Access to Health Care for All in Haiti: Challenges and Perspectives for Funding – Glossary

Access to Health Care for All in Haiti: Challenges and Perspectives for Funding


Access: The presence or absence of physical, economic, or cultural barriers that people might face in using health services. Physical barriers are usually interpreted to mean those related to the general supply and availability of health services and distance from health facilities. Economic barriers are usually interpreted to mean those related to the cost of seeking and obtaining health care, in relation to a patient’s or household’s income. 10 Cultural barriers relate to social or community perceptions about receiving or knowing about certain health services.

Adverse Selection: (1) Tendency of people more likely to incur health costs to seek health insurance. (The opposite is favorable selection.) (2) A situation in which patients with greater than average need for medical and hospital care enroll in a prepaid health care plan in greater numbers than they occur in a cross-section of the population. A plan enrolling only the Medicare population would suffer from adverse selection, as would one that somehow encouraged or allowed people to sign up when they were already ill.

Agency Relationship: a situation in which a person (the agent) makes decisions on behalf of another person (principal).

Capitation: ( 1) A payment made directly to a health care provider for individuals who have signed up with that provider to receive a particular package of services. The health care provider is both a fundholder and deliverer of services. Under full capitation of full fundholding, the provider assumes responsibility for paying all components of health care (inpatient and outpatient). Under partial capitation or partial fundholding, the provider assumes responsibility for paying for only selected services. (2) A method of payment in which a provider receives a fixed fee per person (per capita) for a period of time, and the provider agrees to furnish to persons for whom the capitation payments are received all the care that may be required (within contract limitations) without further fee. Capitation may, for example, pertain to virtually all medical and hospital services through a health care plan, or only to primary care services.

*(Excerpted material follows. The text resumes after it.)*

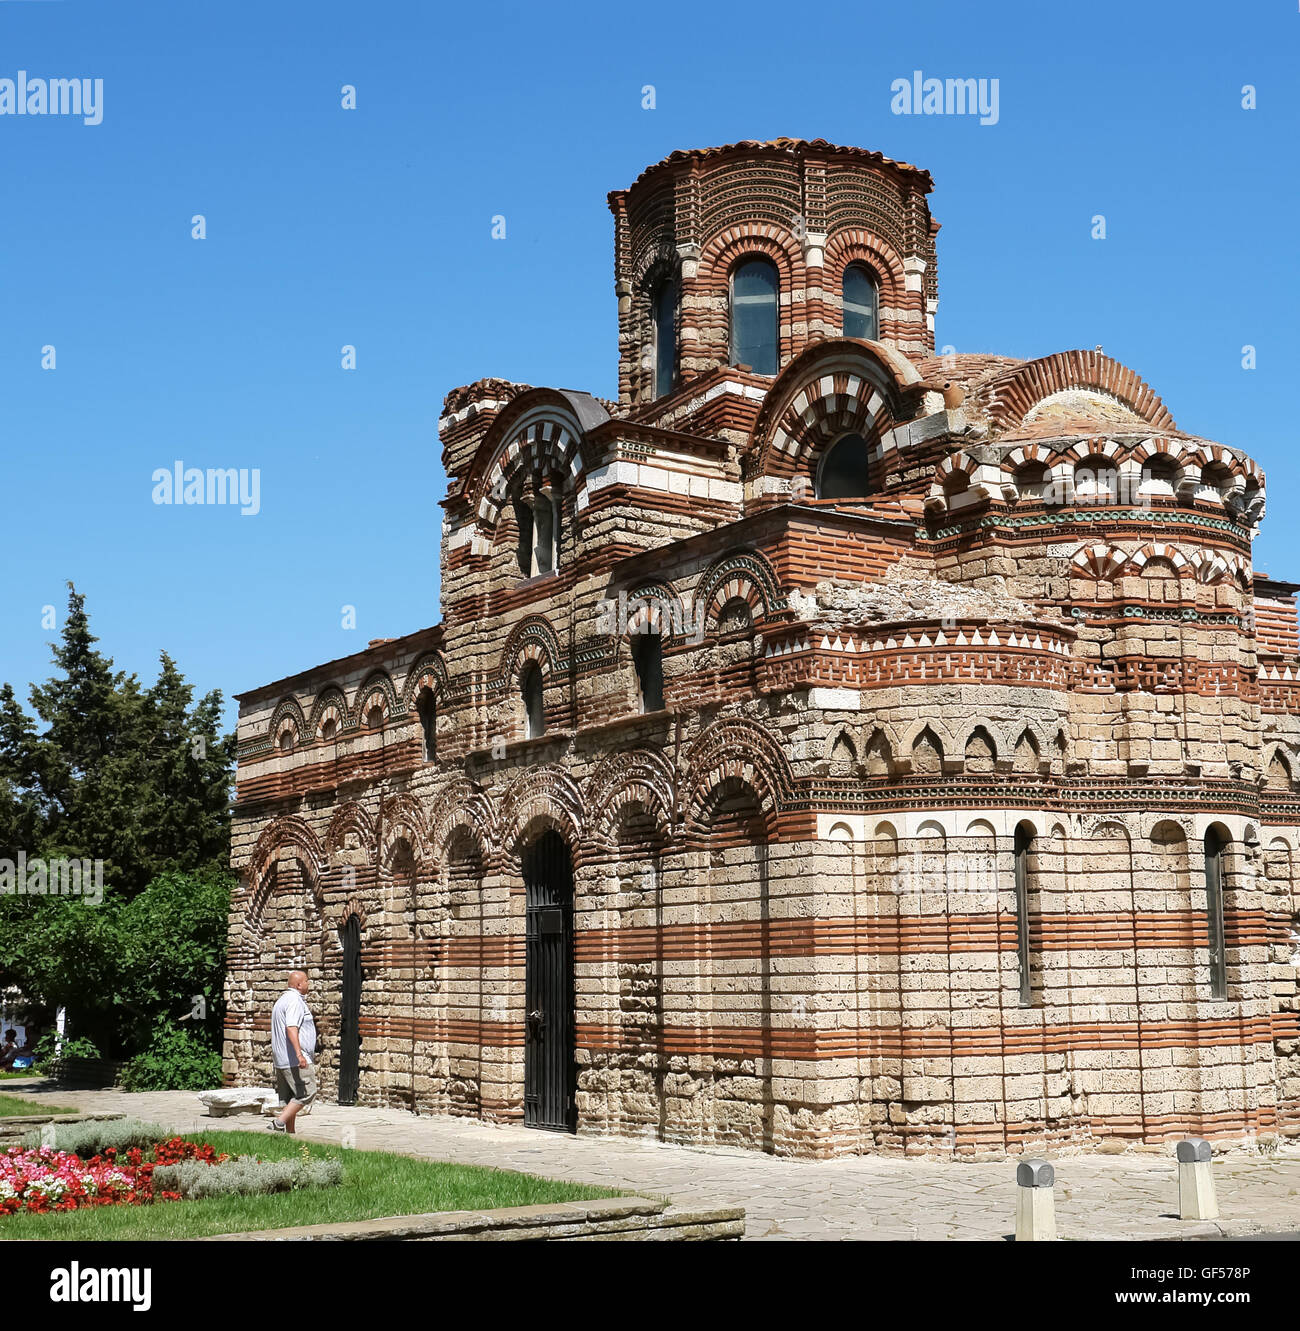 NESSEBAR, BULGARIA - JUNE 15, 2011: Church of Christ Pantocrator on the central square in the old Nessebar town, Bulgaria Stock Photo
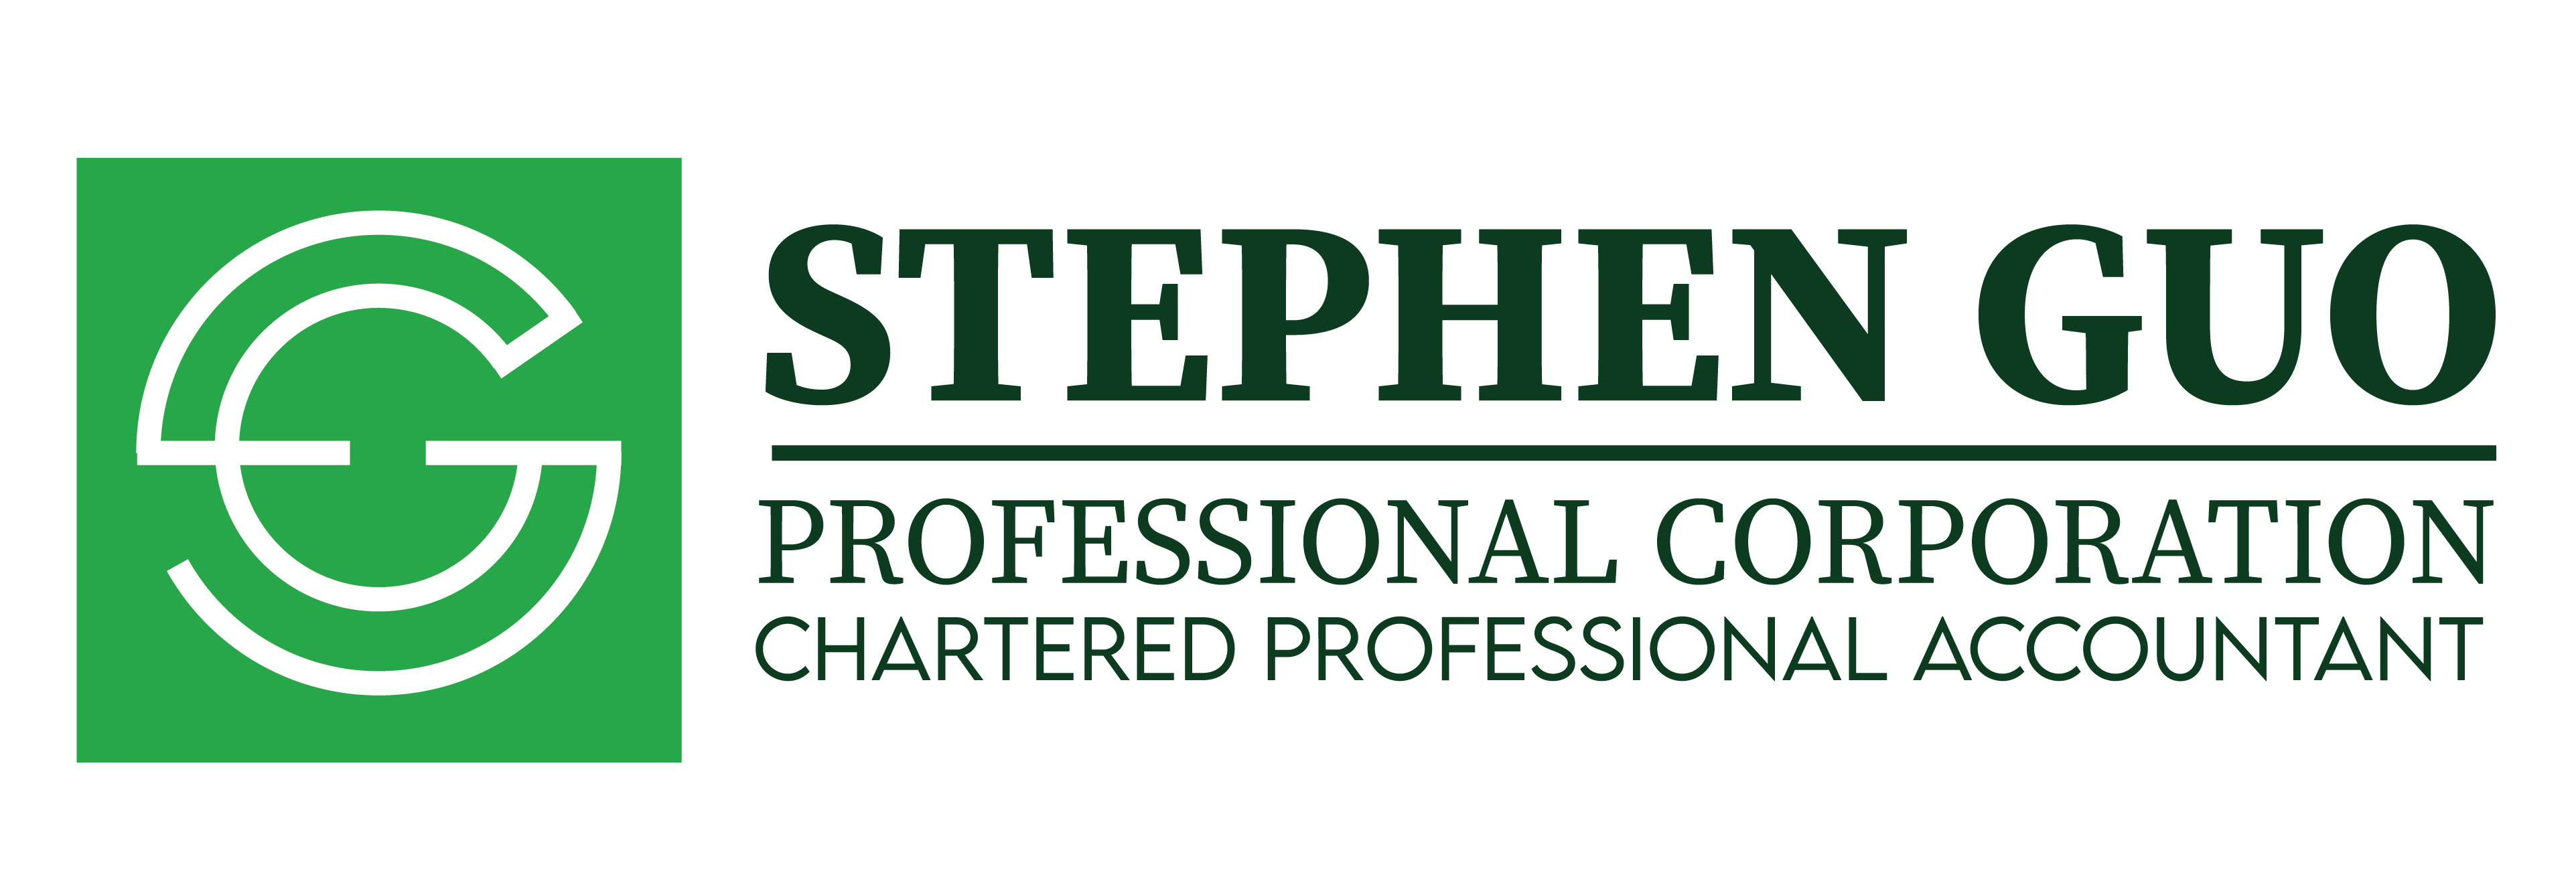 Stephen Guo Chartered Professional Accountant

Catastrophic Health Expenditure: A situation where a household spends on health more than 40% of its income after paying for subsistence needs, e.g. food. It can be caused by catastrophic illness, either high cost but low frequency event or by low cost and high frequency events.

Case Mix: The mix of different types of patients (defined by severity of illness and complexity of diagnosis and/or treatment) treated in a health care organization.

Case-based Payment: A fixed payment covering all services for a specified case or illness.

Co-insurance: Portion of covered health care costs for which the covered person has a financial responsibility, usually a fixed percentage.

Co-payment: A cost-sharing arrangement in which an insured person pays a specified charge for a specified service. It is also an out-of-pocket charge paid by an insured individual.

Conditional Cash Transfers: Monetary transfers to households over a certain time period when complying with certain behaviors.

Contracting (or Contracting-Out): The process in which a legal agreement between a payer and a subscribing group or individual such as purchasers, insurers, takes place which specifies rates, performance covenants, and the relationship among the parties, schedule of benefits and other pertinent conditions.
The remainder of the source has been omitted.